▶ **EXERCISE PROMPT**: Images should not appear in the copy, yet every line of the listing below must be printed exactly.

▶ **SOURCE MATERIAL**:

§ §

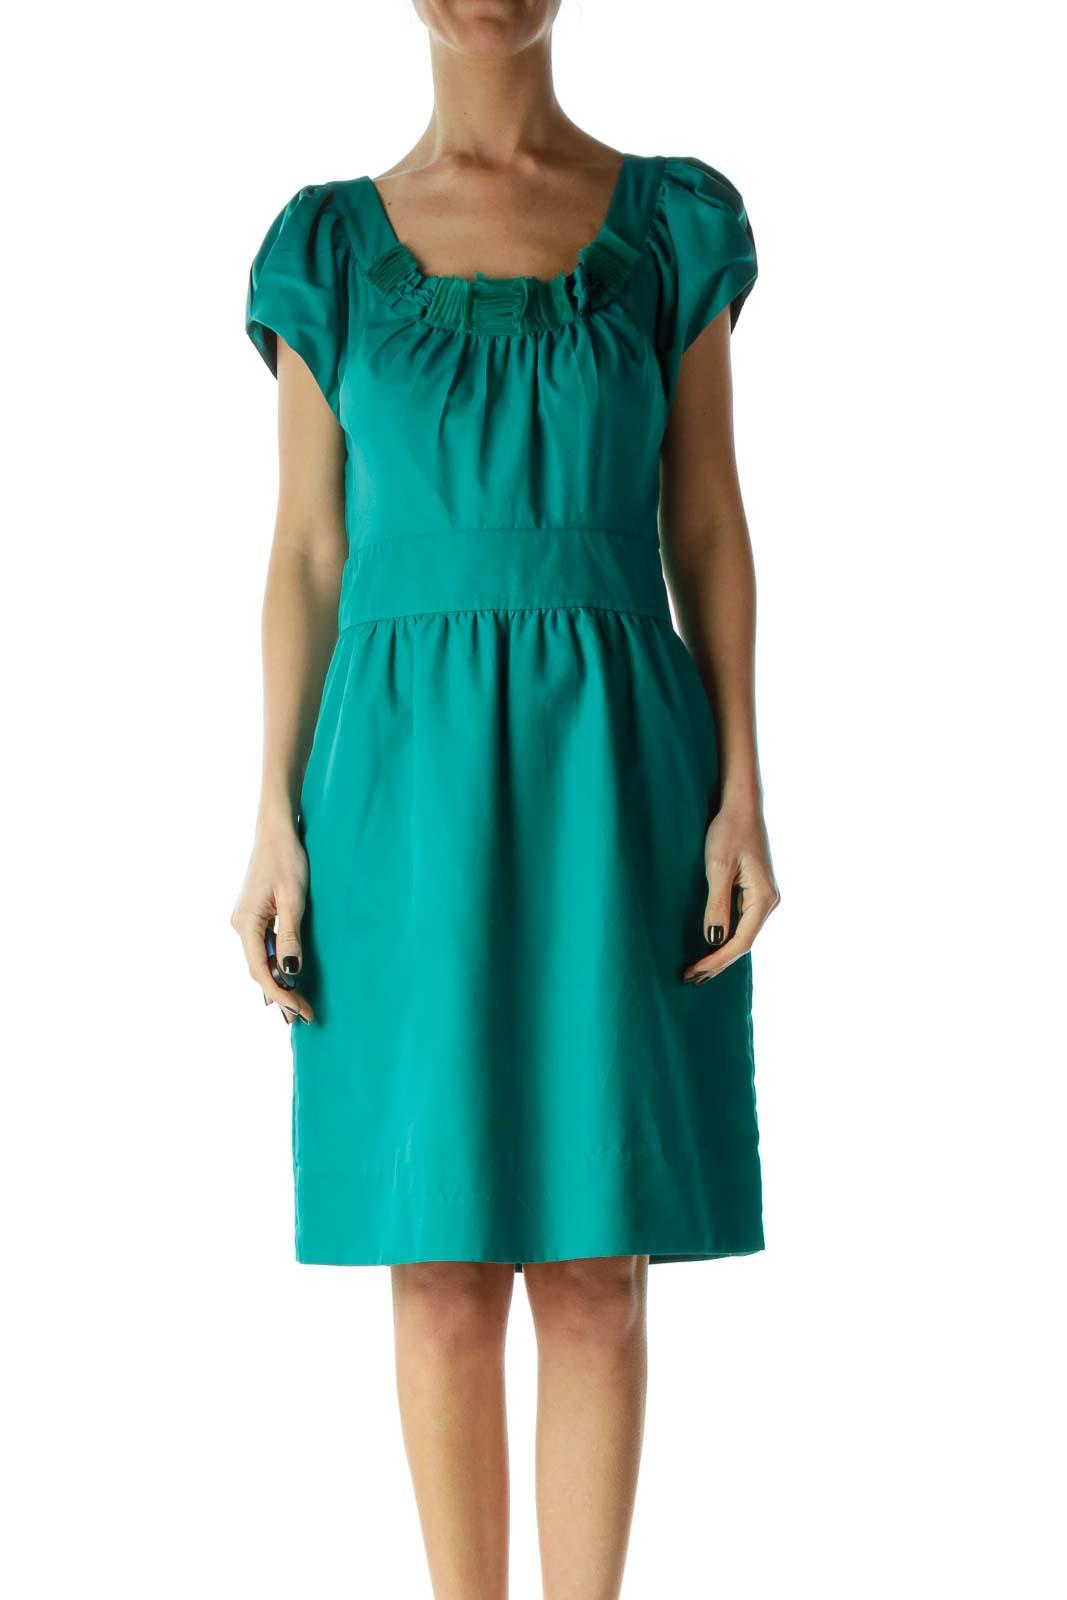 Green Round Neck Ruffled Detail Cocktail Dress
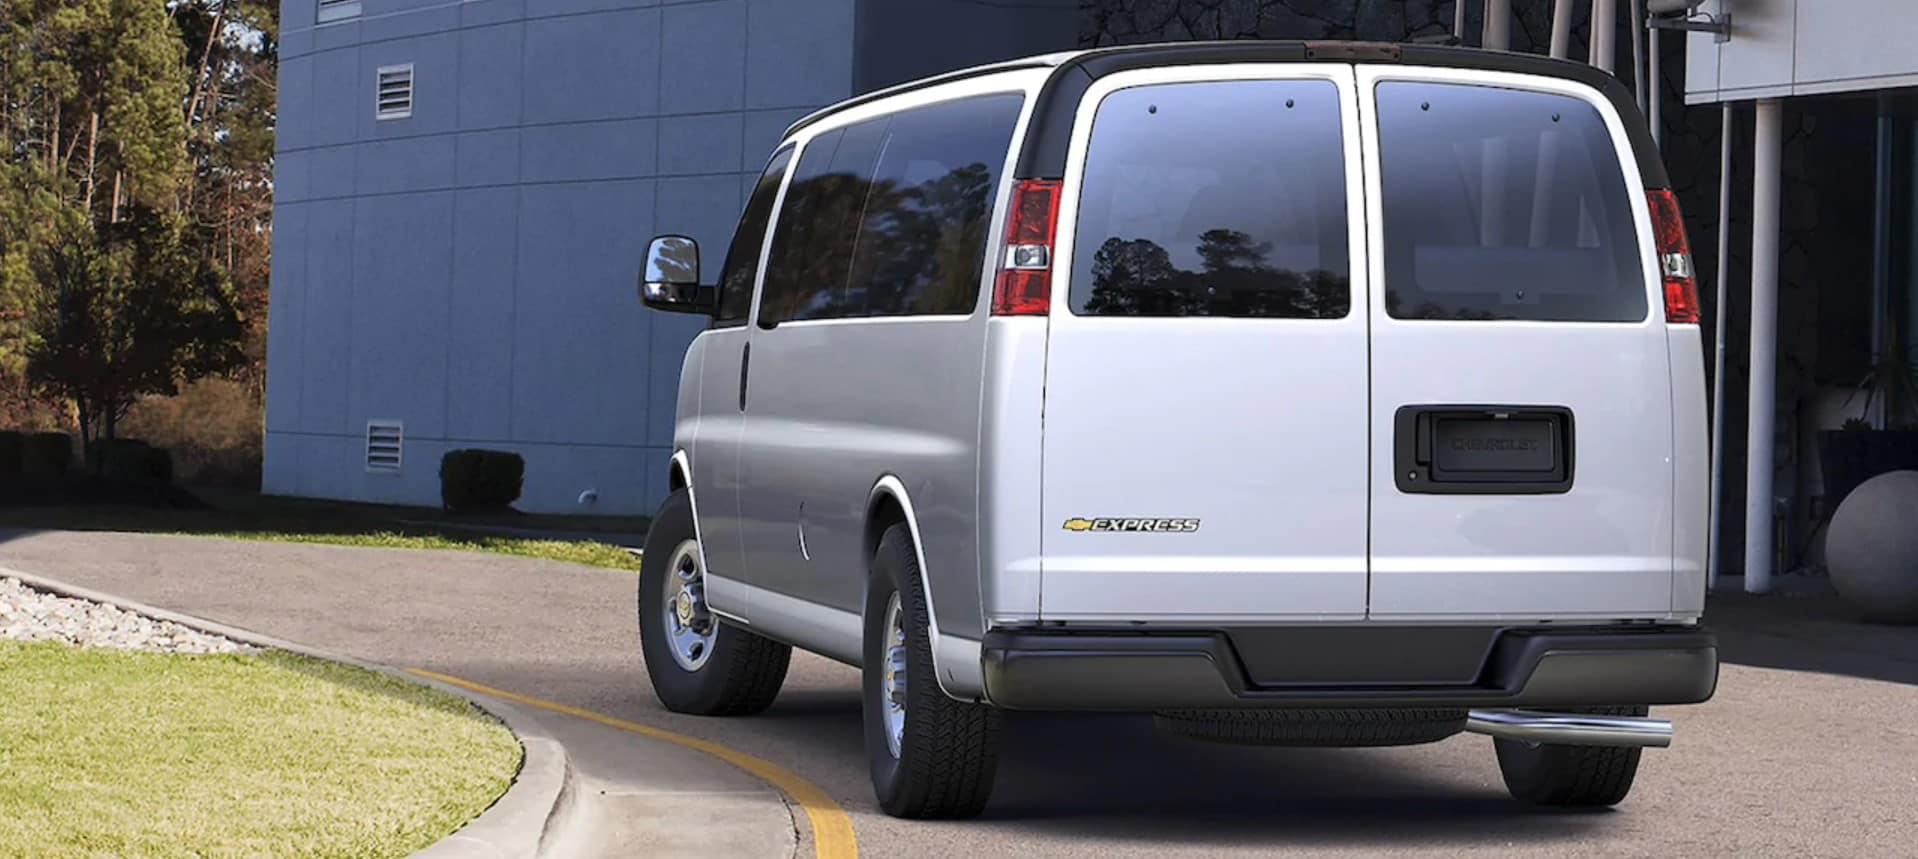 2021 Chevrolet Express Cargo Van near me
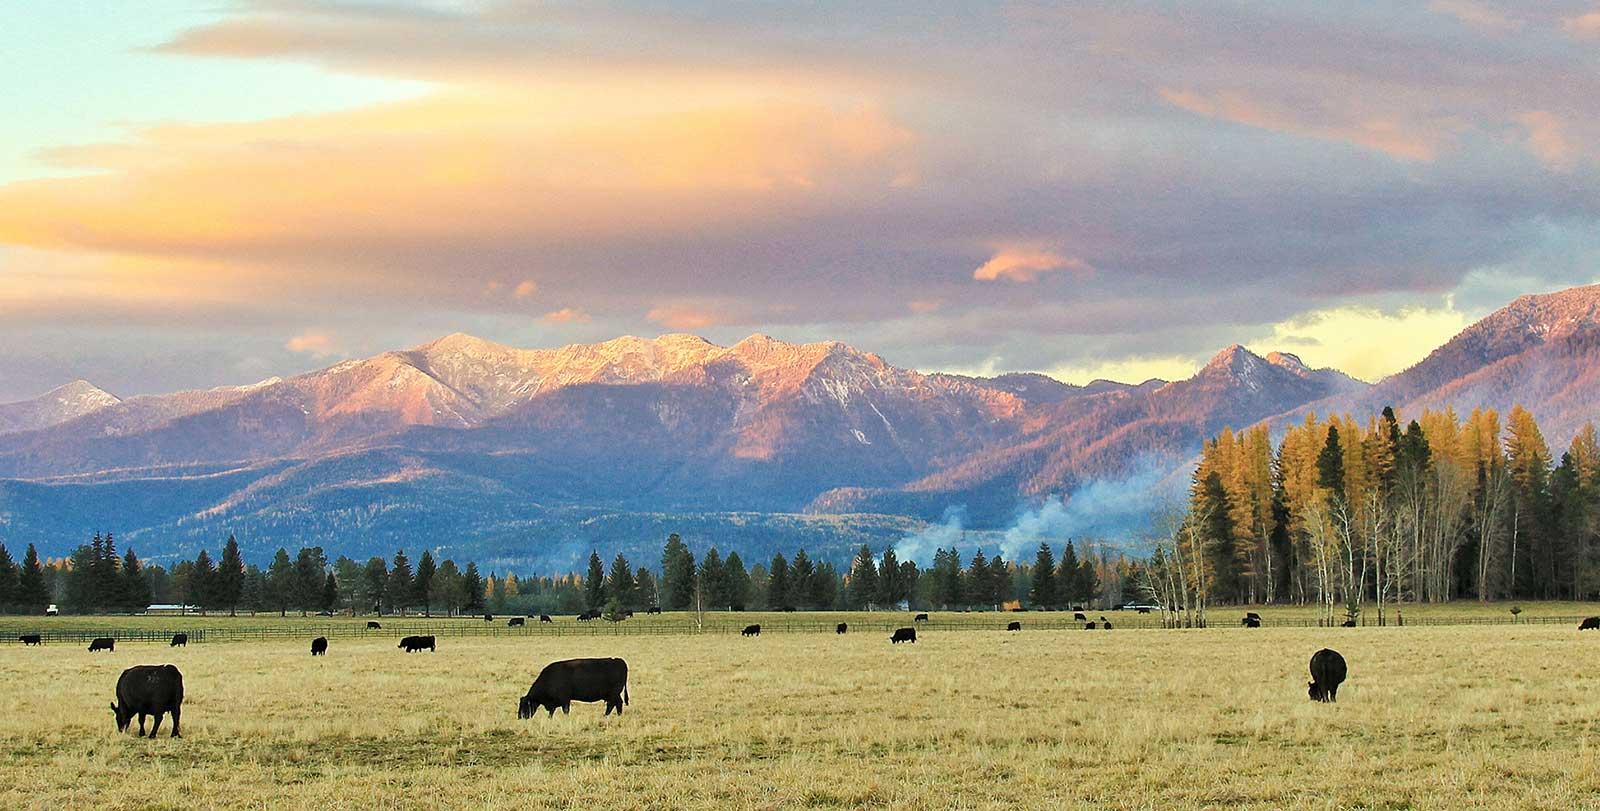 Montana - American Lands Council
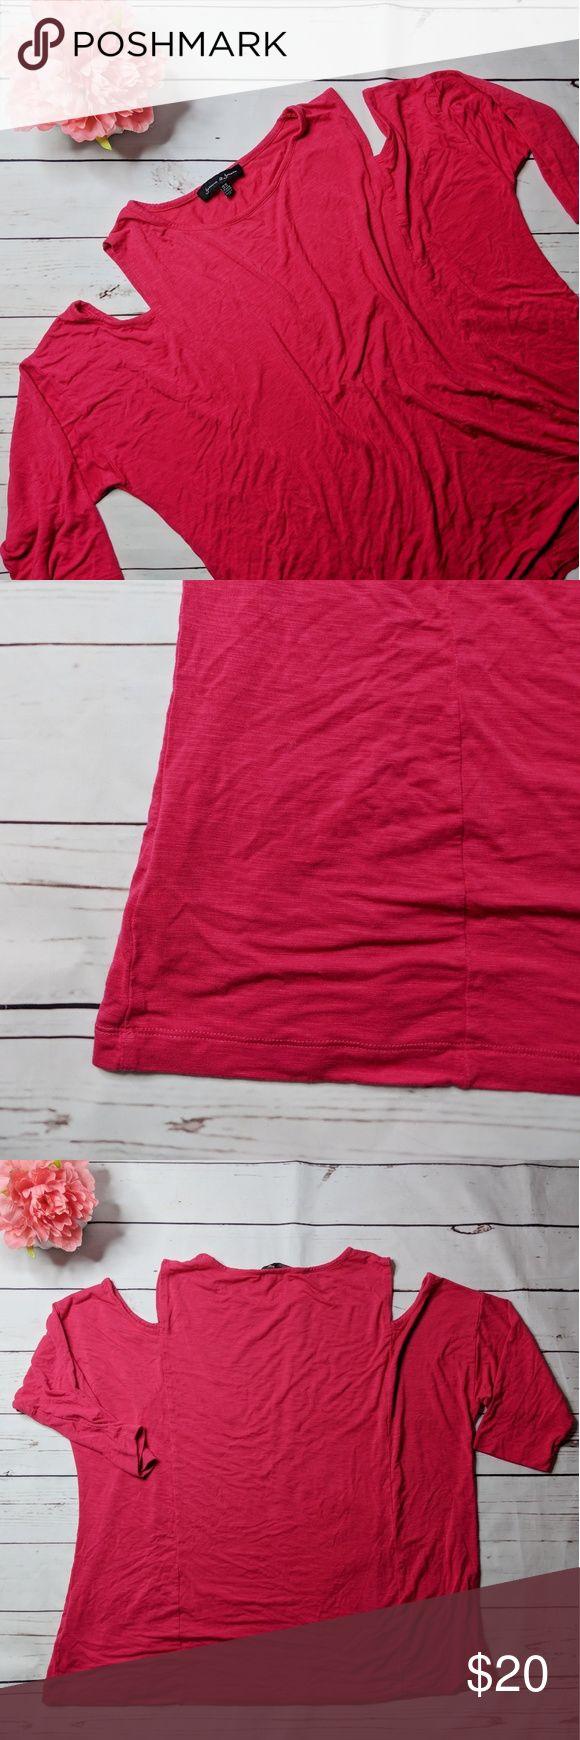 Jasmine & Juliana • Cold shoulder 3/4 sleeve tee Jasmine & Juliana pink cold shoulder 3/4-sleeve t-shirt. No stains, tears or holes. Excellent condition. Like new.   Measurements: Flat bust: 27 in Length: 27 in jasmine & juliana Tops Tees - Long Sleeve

§ §

▶ **ANSWER TO THIS PROBLEM**:
 Green Round Neck Ruffled Detail Cocktail Dress
 2021 Chevrolet Express Cargo Van near me
 Montana - American Lands Council
 Jasmine & Juliana • Cold shoulder 3/4 sleeve tee Jasmine & Juliana pink cold shoulder 3/4-sleeve t-shirt. No stains, tears or holes. Excellent condition. Like new.   Measurements: Flat bust: 27 in Length: 27 in jasmine & juliana Tops Tees - Long Sleeve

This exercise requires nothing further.